In the previous section we derived Gibbs Free Energy from the Second Law of Thermodynamics and showed that a system will spontaneously react in the direction that lowers its Free Energy We showed that processes that reduced enthalpy (exothermic processes) or increased the entropy of the system contributed to spontaneity. We also showed that for a system at equilibrium, the change in free energy is zero.

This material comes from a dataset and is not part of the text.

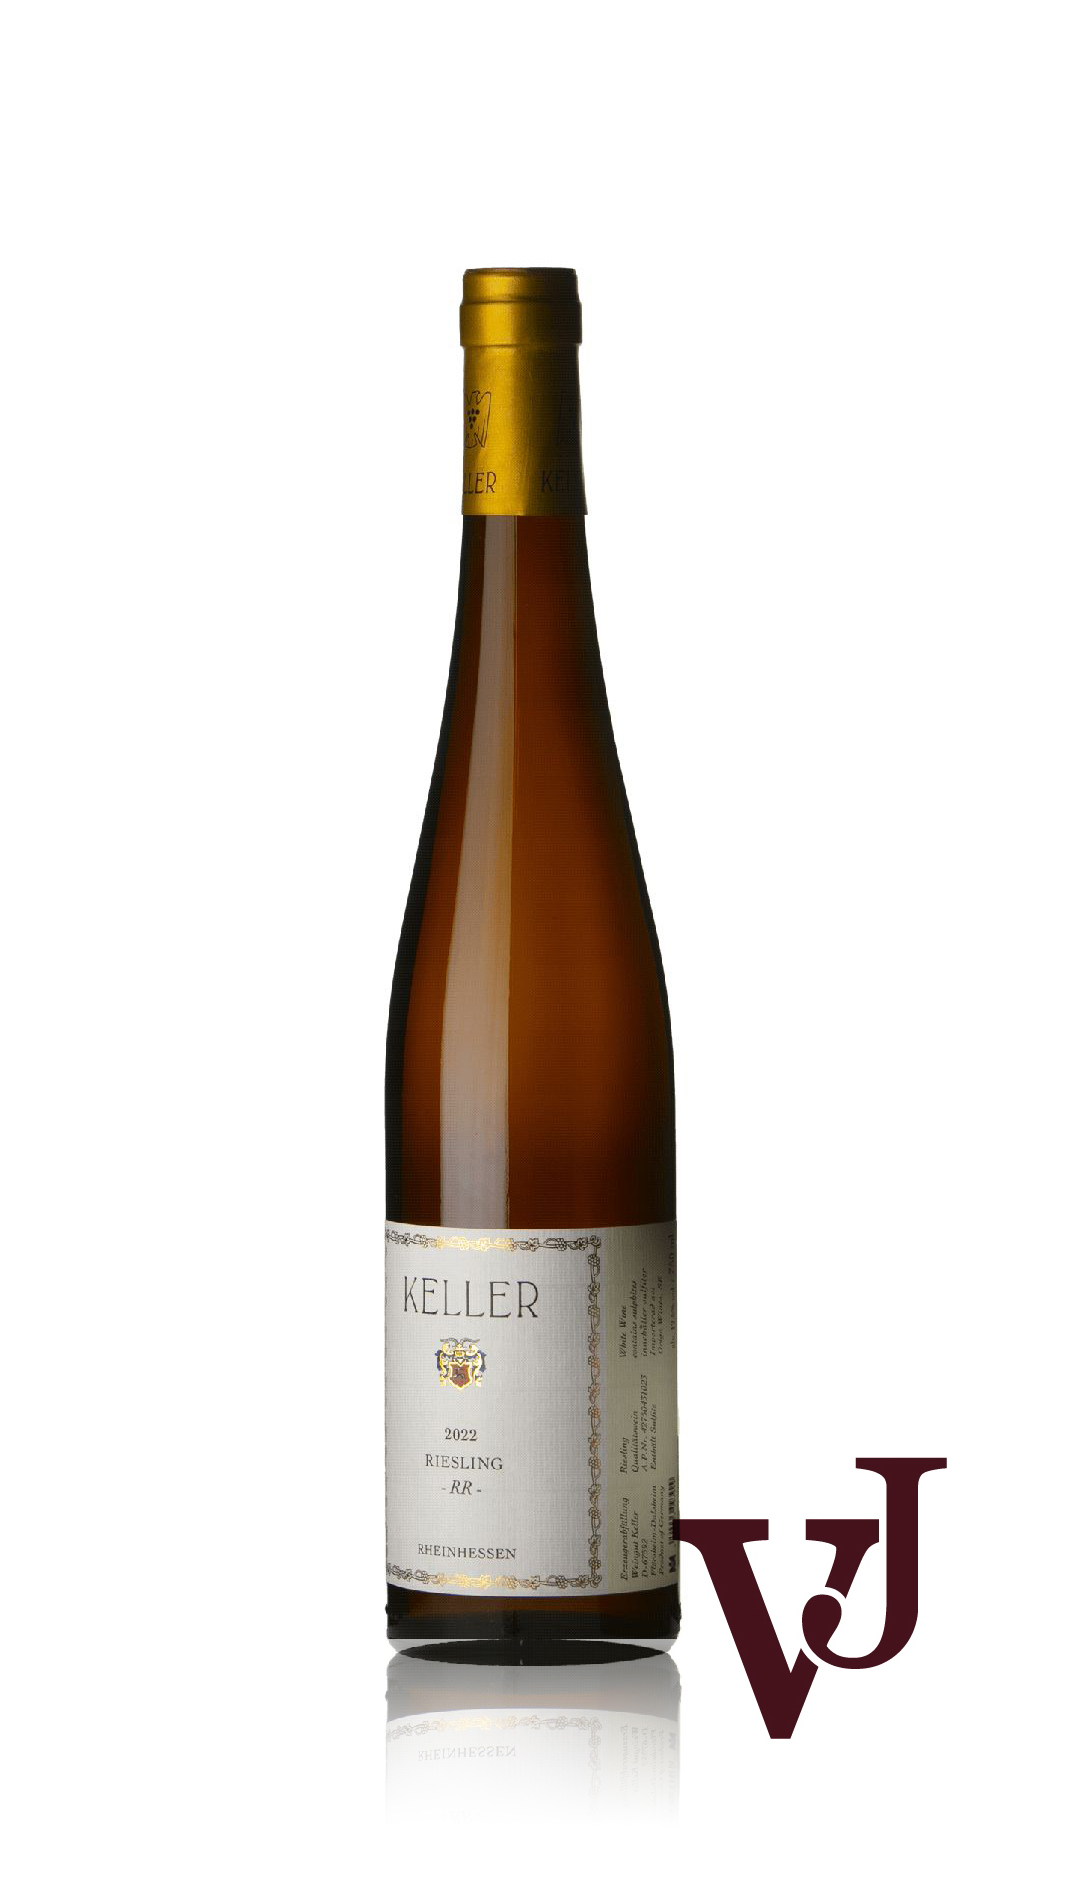 Vitt vin - Weingut Keller Riesling RR 2022 artikel nummer 9372001 från producenten Weingut Keller från Tyskland - Vinjournalen.se
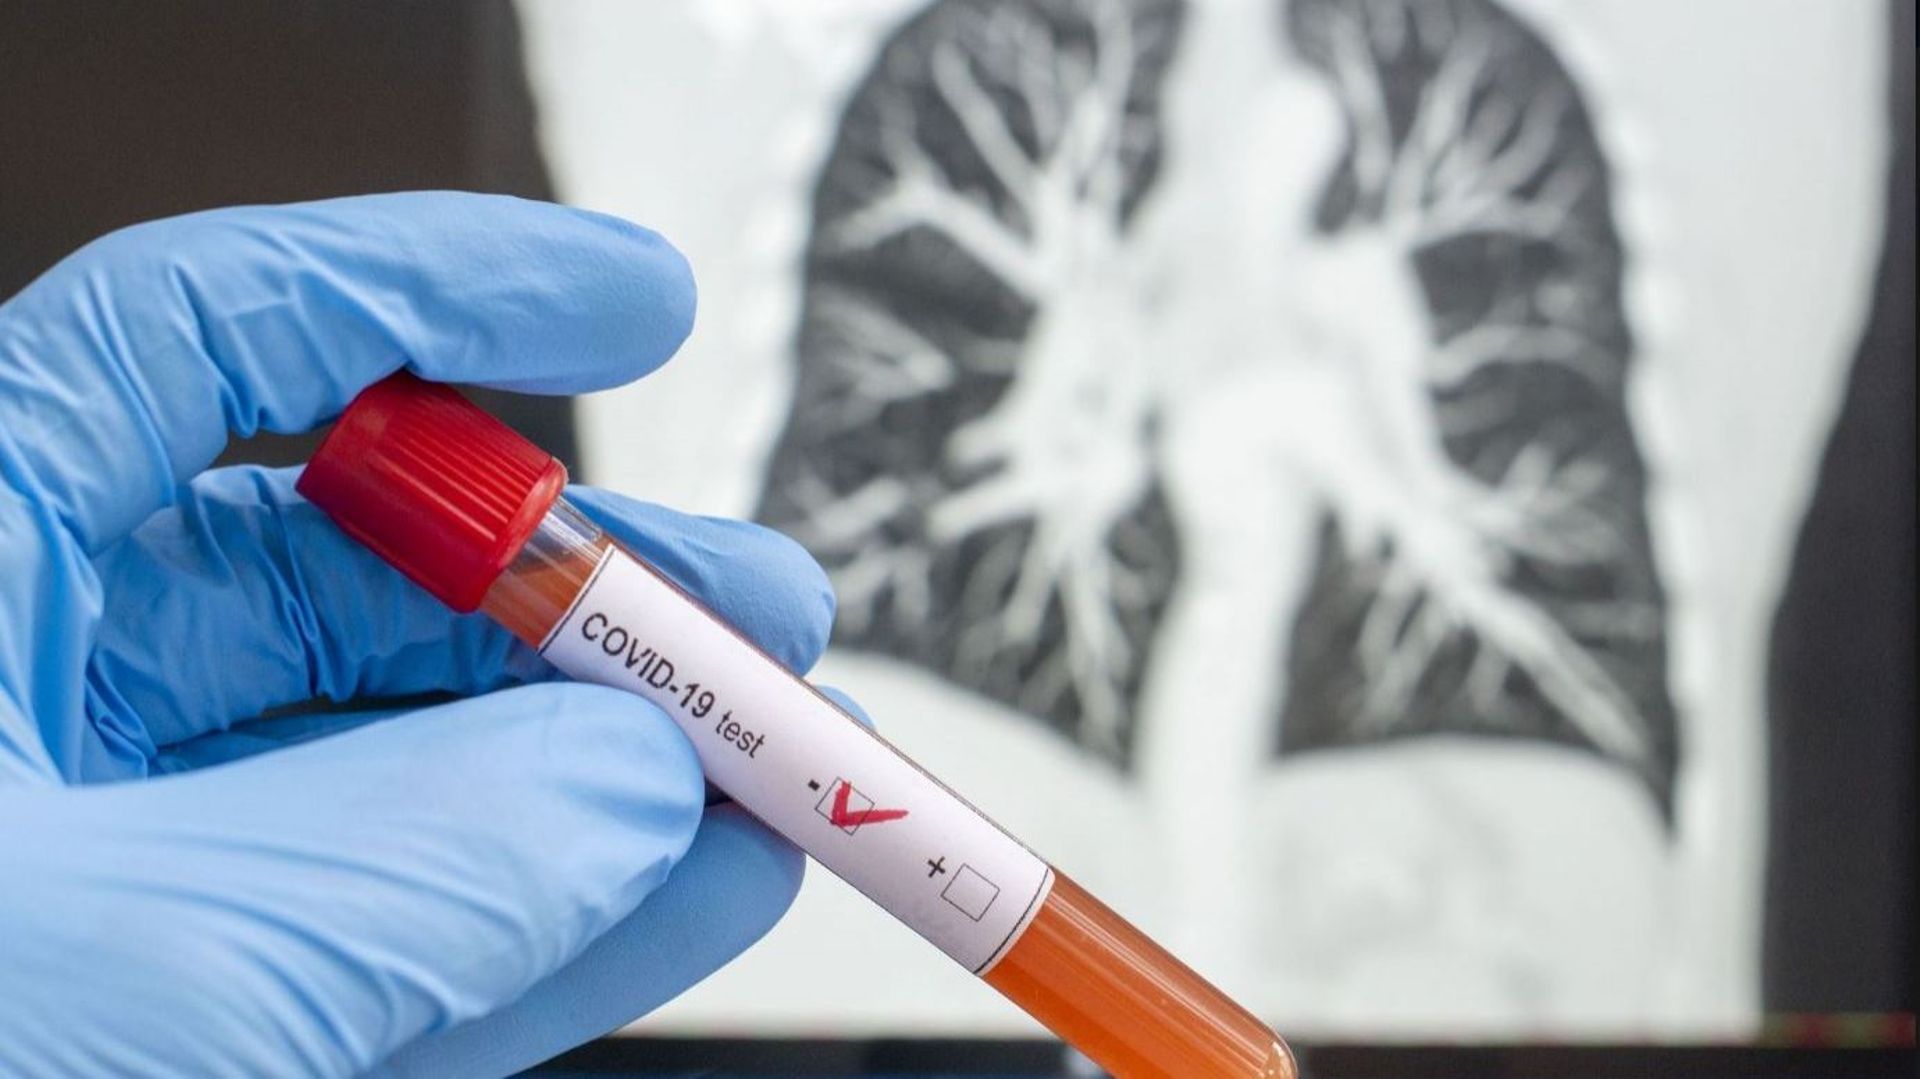 Coronavirus - La Région bruxelloise veut doubler la capacité de tests d'ici septembre - A. Maron

Summary of Free Energy Equations

\begin{align} G &=H-TS \\[5pt] \Delta G &= \Delta H -T\Delta S \\[5pt] (\Delta G^o & = \Delta H^o - T\Delta S^o) \\[5pt] \Delta G & = \Delta G^o + RT\ln Q \\[5pt] \Delta G^o & = -RT\ln K \\[5pt] K &=e^{\frac{-\Delta G^o}{RT}} \end{align}

## Standard State Calculations

#### Equilibrium Constant at 298 K

Free energy values at standard state can be used to calculate equilibrium constants (using eq. 18.5.6).

Exercise $$\PageIndex{1}$$

Using the table of standard state molar thermodynamic values (Table T.1), calculate the equilibrium constant K for the following reaction at 25o C.

$2Ag_2O(s) \leftrightharpoons 4Ag(s) + O_2(g) \nonumber$

$K =e^{\frac{-\Delta G^o}{RT}} \nonumber$

Noting, $$\Delta G^o_{rxn}= 4(0) + 0 -[2(-11.2kJ/mol)]=22.4kJ$$, gives:

$\large{K=e^{\frac{-22.4kJ/mol}{\left (0.008314 \frac{kJ}{mol \cdot K} \right )298K}} \nonumber =1.19\times 10^{-4}}$

What does the above problem tell us about the stability of silver in the presence of oxygen? The positive $$\Delta G^o$$ tells us that at standard state conditions silver oxidide will not spontaneously form pure silver and oxygen. On the other hand, it says that silver will spontaneously react with oxygen and form the oxidized silver oxide. That is, silver sulfide is stable, and silver is thermodynamically reactive with oxygen. How fast the reaction occurs depends on the kinetics and specifically, the activation energy, but silver will spontaneously form silver oxide.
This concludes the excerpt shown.